O Brasil de uma nota só
Não me parece demandar tanta controvérsia dizer que o Brasil com
Bolsonaro e sua trupe emburreceu mais. O Brasil ficou mais burro (e mais
perverso) com Bolsonaro na Presidência, tanto na esfera do Estado quanto na
esfera da sociedade civil. E aqueles que se cuidam mais “politizados” por
incriminar o PT e seu fantasioso comunismo por todos os males seculares do país
não fazem mais do que confirmar essa tese. Para os bolsonaristas, a política se
resume a uma nota só: a corrupção, ou melhor, o combate à corrupção. Parece
que, se conseguirmos resolver este mal que nos assola desde o período colonial,
o Brasil se tornará o melhor lugar no mundo para viver. Desnecessário dizer que
os bolsonaristas não fazem a mínima ideia de como pôr fim definitivo a este mal
hábito dos políticos aqui e em outras partes do mundo. Eles não sabem porque,
seguindo o hábito do seu Messias presidente (que confessou não ler um livro
sequer há três anos), são inimigos dos livros, são refratários à cultura
letrada. Se estivessem habituados a conviver com os livros, se, ao menos, se
interessassem em compreender a realidade sociopolítica do país que dizem tanto
amar, saberiam que a corrupção entre nós deita raízes num solo cultural que
desde muito cedo foi assentado pela prevalência do favoritismo sobre a justiça,
pela simbiose entre os grandes proprietários da riqueza privada e os agentes
administrativos ou de governo, pela perpetuação de uma oligarquia que une entre
si os agentes do Estado (e sua burocracia estatal), os potentados econômicos,
as Forças Armadas e um serviço judiciário que, desde muito cedo, existiu para
extorquir dinheiro.
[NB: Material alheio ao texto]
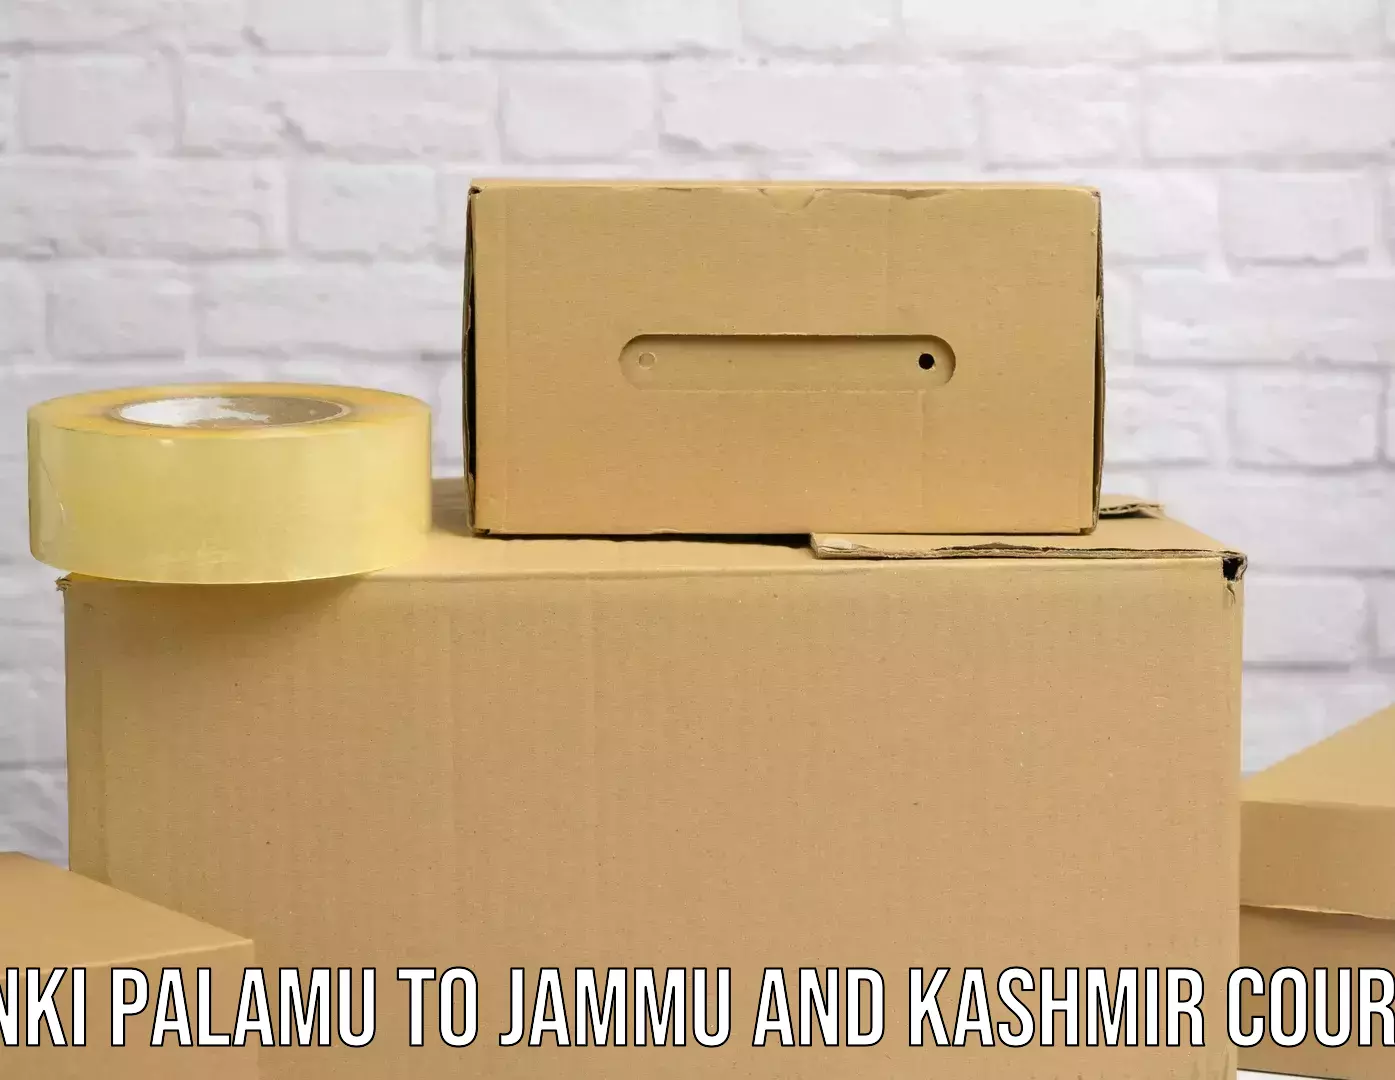 International logistics Panki Palamu to Srinagar Kashmir

Mas os bolsonaristas, tão desabituados aos livros,
necessários a uma participação política consciente, a tudo tratam de modo
simplificado e superficial. A tendência à simplificação do pensamento é, aliás,
uma de suas características mais flagrantes. Não por acaso são equiparados a
bovinos (embora essa espécie de animais seja inteligente). Quem ousar levantar
uma questão política num sofrível diálogo (quando é possível) com um
bolsonarista, ouvirá dele duas coisas: PT e corrupção do PT (e de Lula, é
claro). A política para Bolsonaro e seus apoiadores é uma forma de guerra e
ódio, de combate incessante contra esses três grandes males de nosso país, a
saber, PT, Lula e corrupção. Toda política bolsonarista se resume a esta
“missão” militante-militar: destruir o PT - e com ele, é claro, o comunismo que
nos ronda- , e pôr fim à corrupção. E ponto final. A política econômica do
Governo, o capitalismo financeiro a que o Brasil é subserviente, as
desigualdades socioeconômicas profundas de nosso país, o investimento em
Educação e em Pesquisa, em Ciências e Tecnologia, as políticas públicas, a
superação da “velha política” ( o que Bolsonaro não fez senão perpetuar) e tudo
o mais que se queira levar em consideração como problemas para uma agenda
política não têm qualquer relevância ou importância. Falta aos bolsonaristas o
letramento político adequado e amplo para se ocuparem dessas questões mais
complexas e importantes. A burrice é sempre simplificadora e cega para a
complexidade do real. A burrice do Brasil de hoje é o reflexo de um passado
longo e perverso que ainda não superamos e com o qual nada aprendemos.